Given data:
▬▬▬▬▬▬

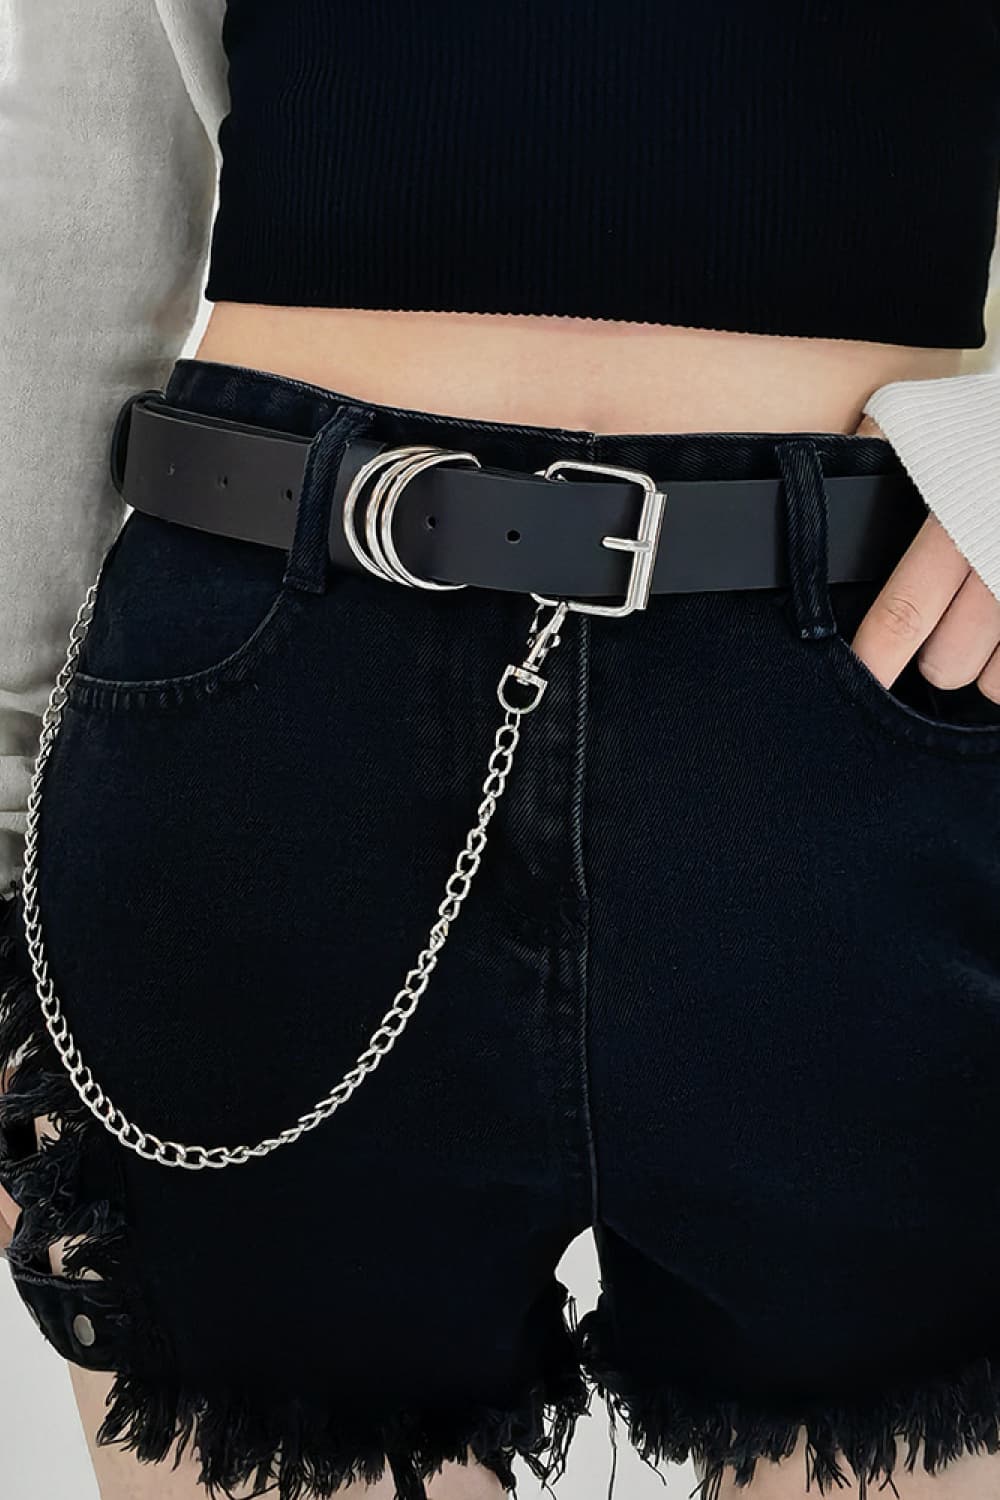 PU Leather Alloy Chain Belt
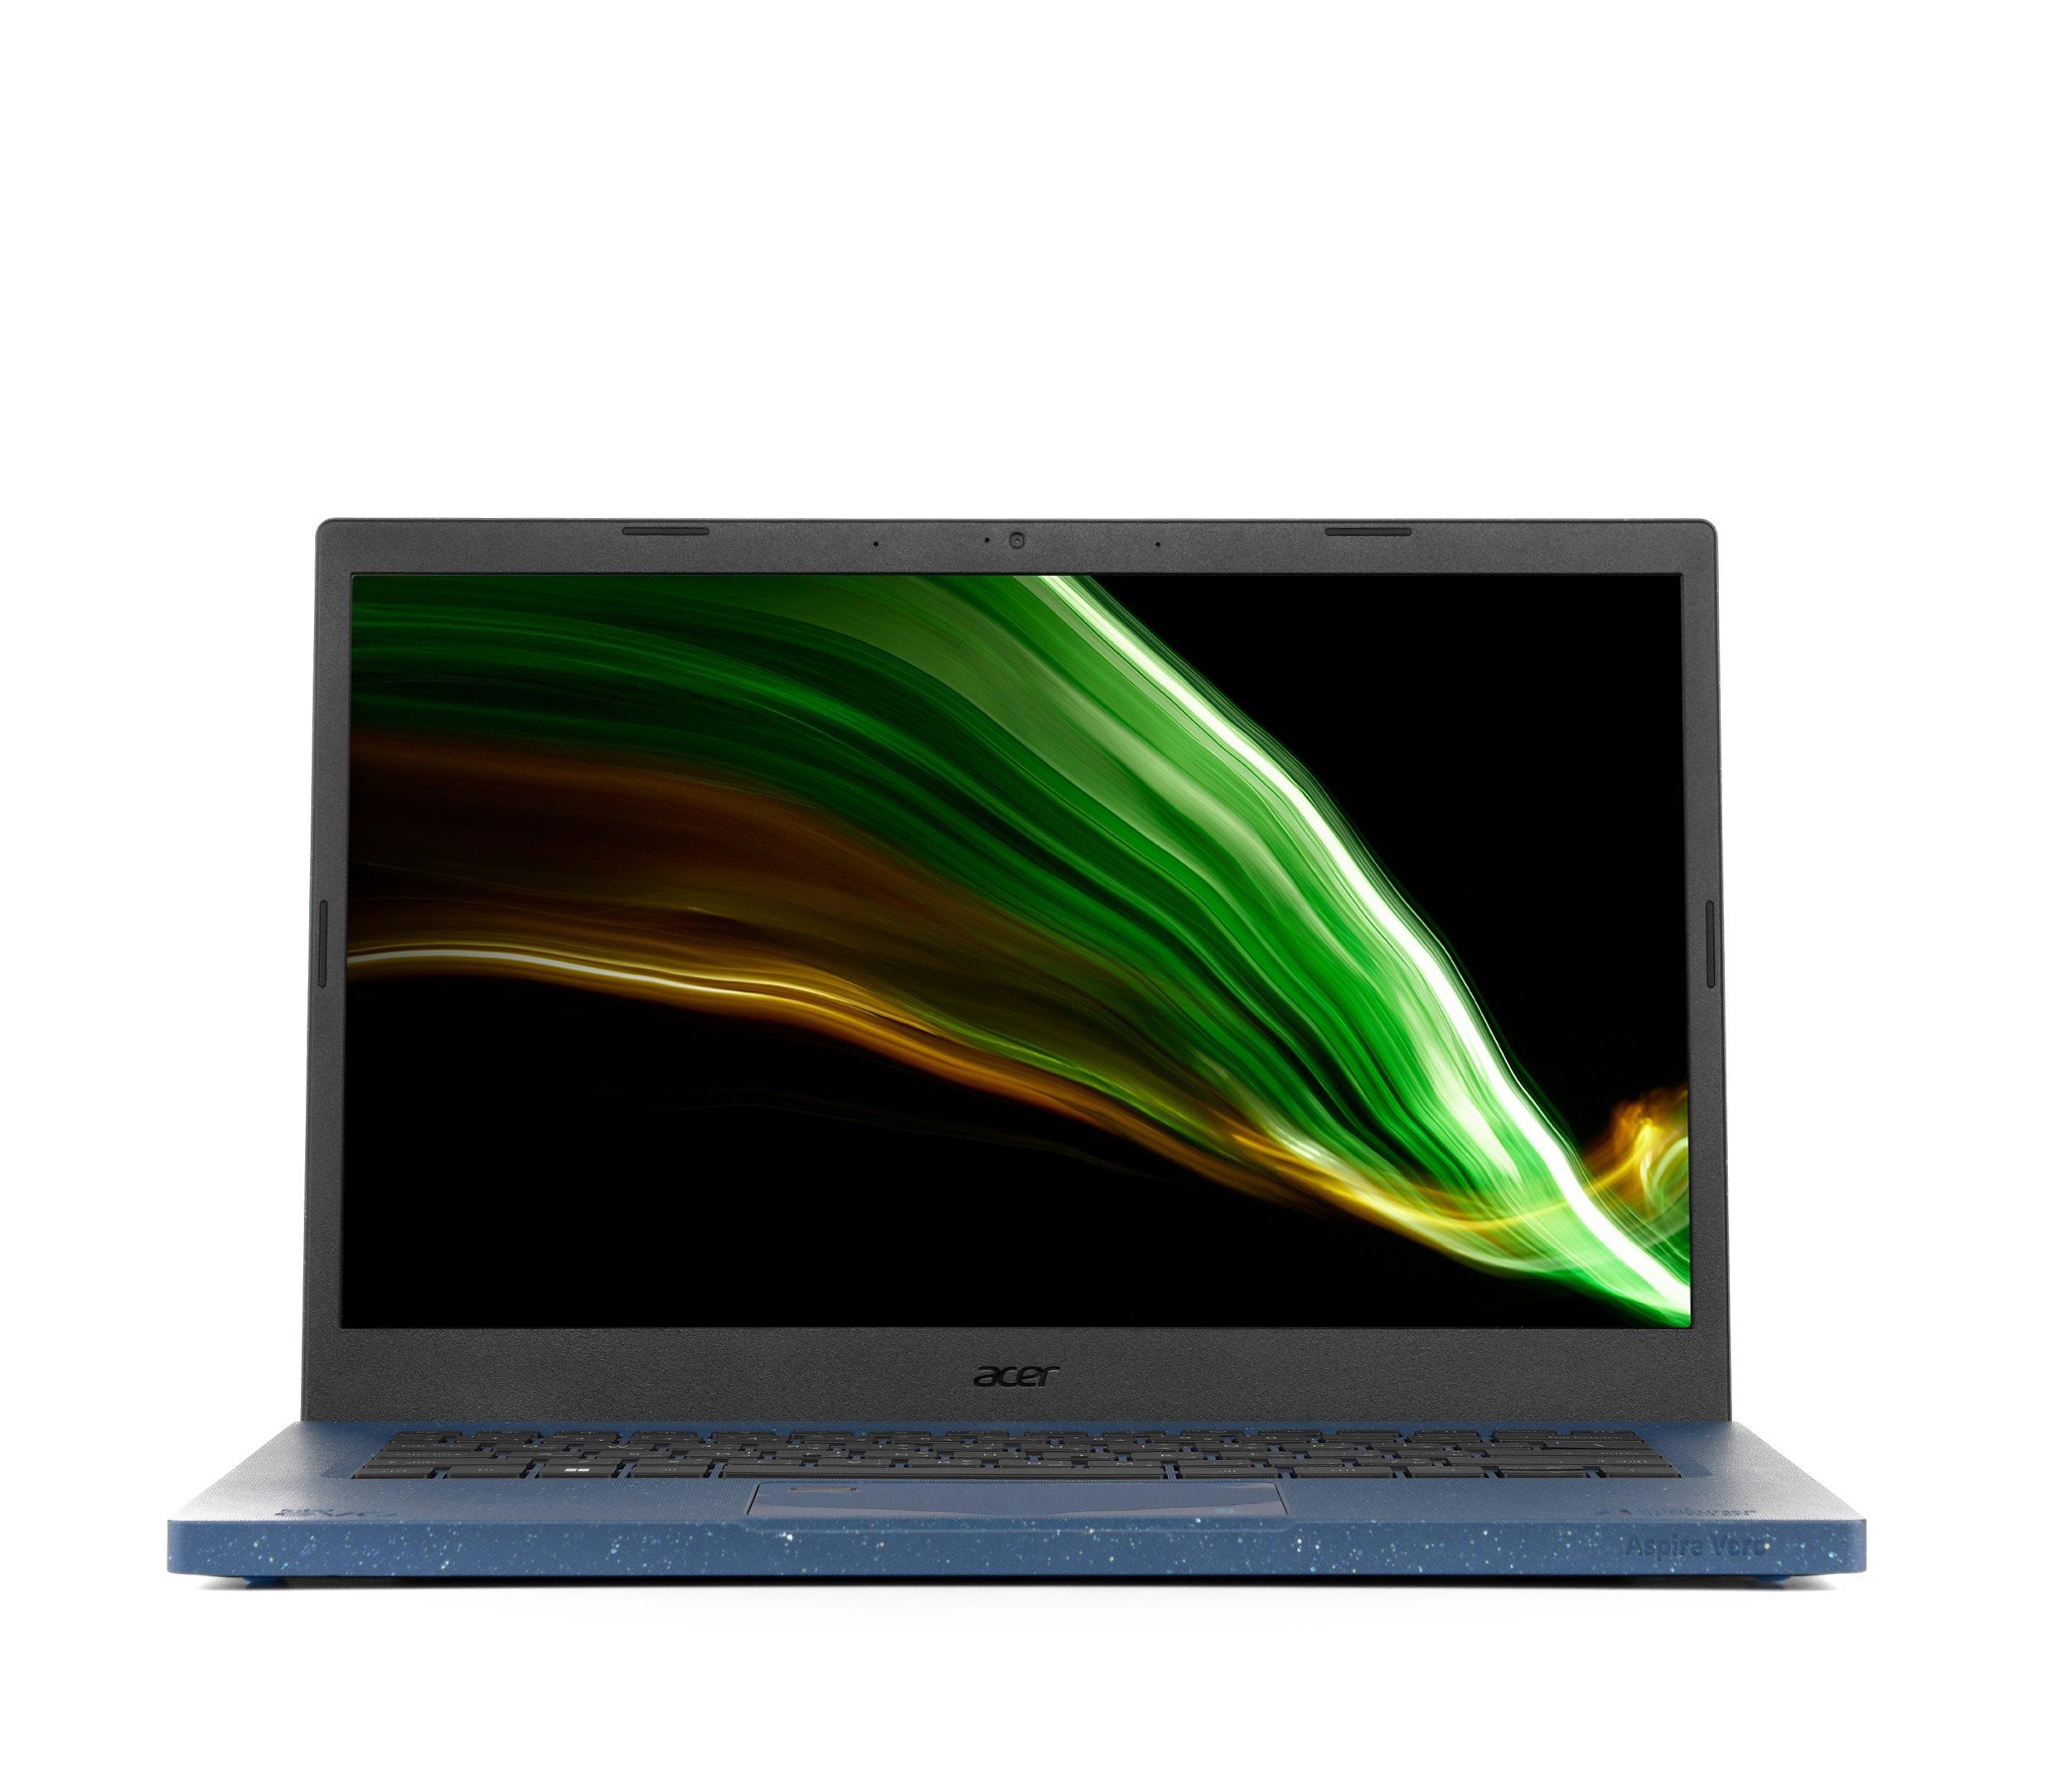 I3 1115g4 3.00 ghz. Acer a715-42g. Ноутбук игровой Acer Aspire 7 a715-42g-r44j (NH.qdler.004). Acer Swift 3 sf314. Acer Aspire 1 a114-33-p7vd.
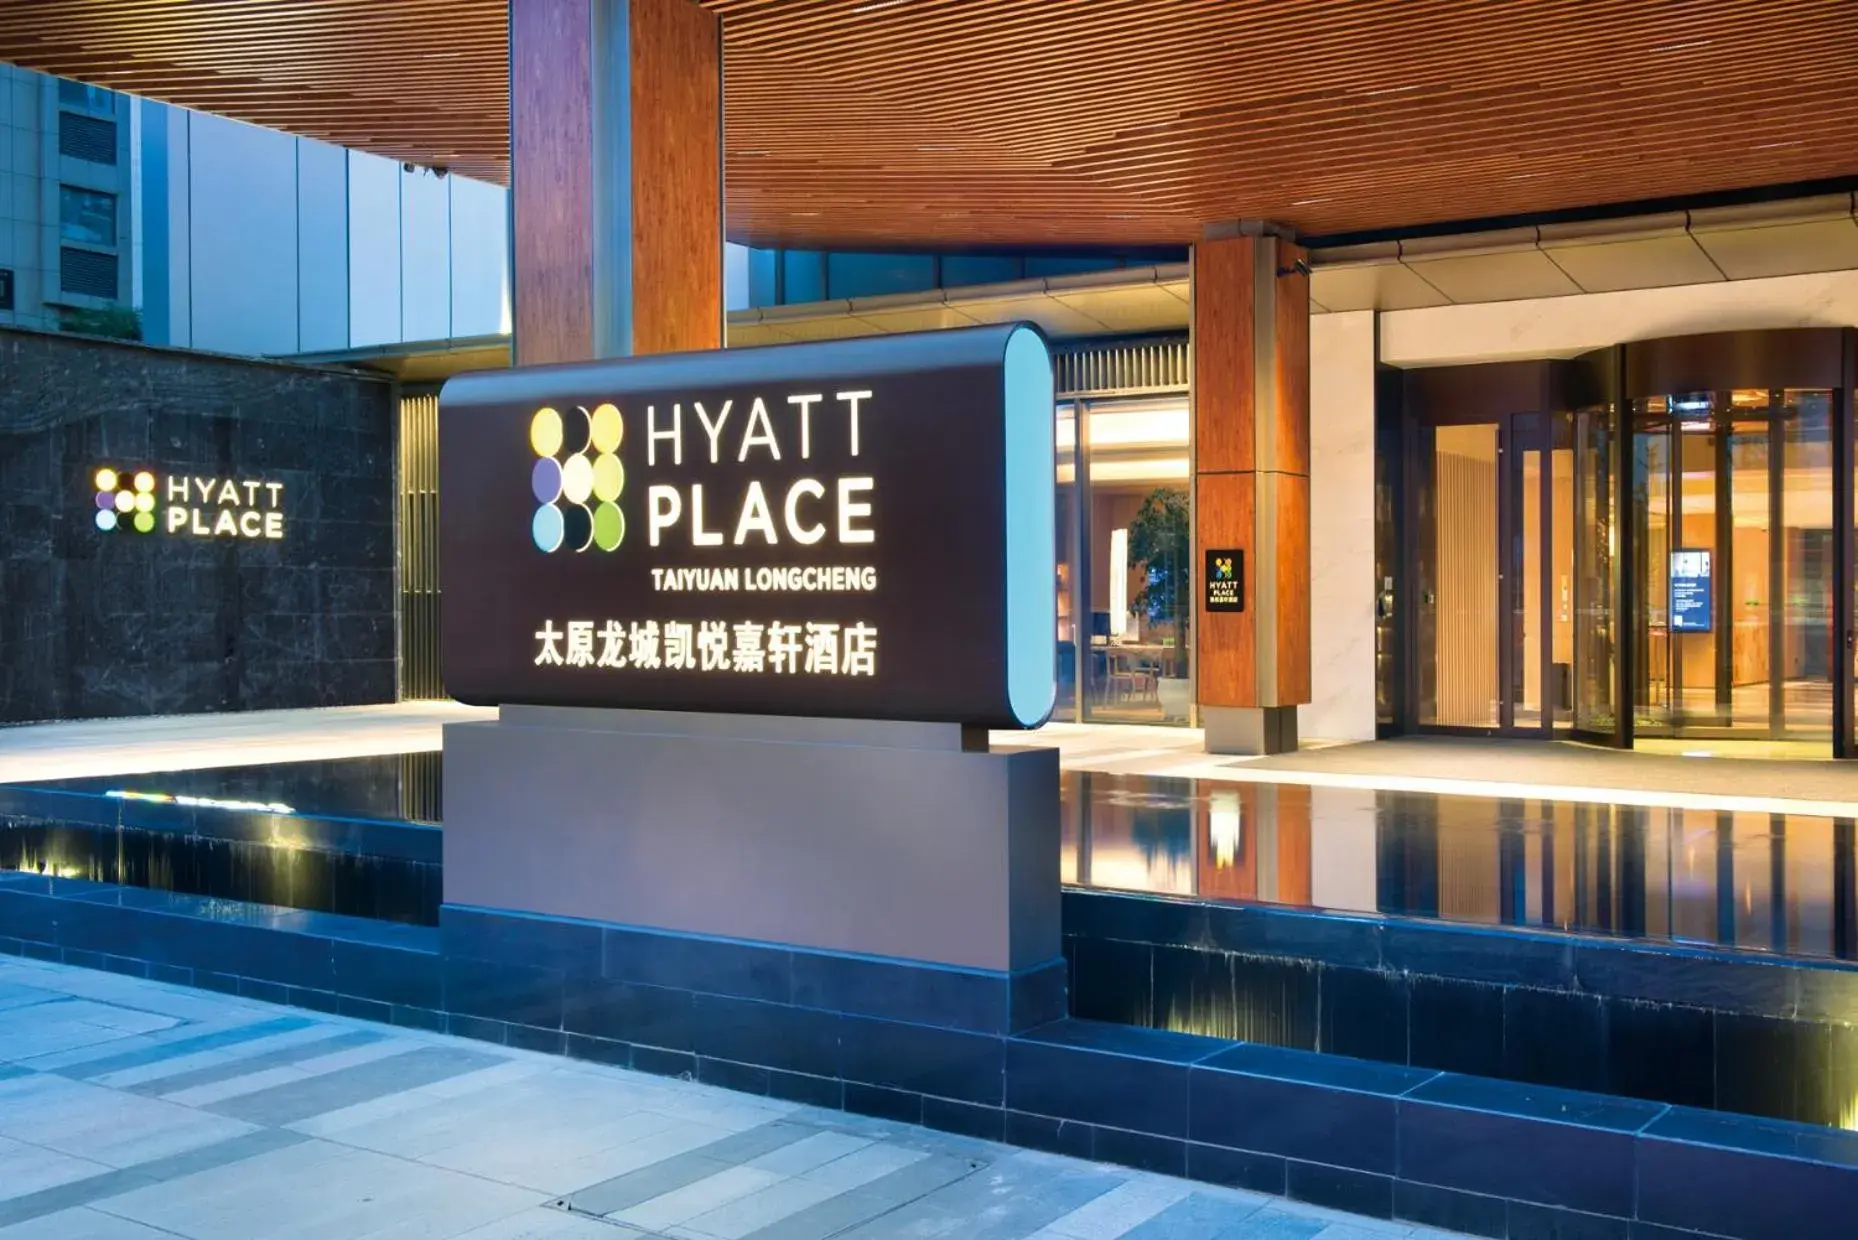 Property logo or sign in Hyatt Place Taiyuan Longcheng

▬▬▬▬▬▬

Assigned task:
Faithful copy, images left out: write out every line of data.

Output of the task:
 PU Leather Alloy Chain Belt
 I3 1115g4 3.00 ghz. Acer a715-42g. Ноутбук игровой Acer Aspire 7 a715-42g-r44j (NH.qdler.004). Acer Swift 3 sf314. Acer Aspire 1 a114-33-p7vd.
 Property logo or sign in Hyatt Place Taiyuan Longcheng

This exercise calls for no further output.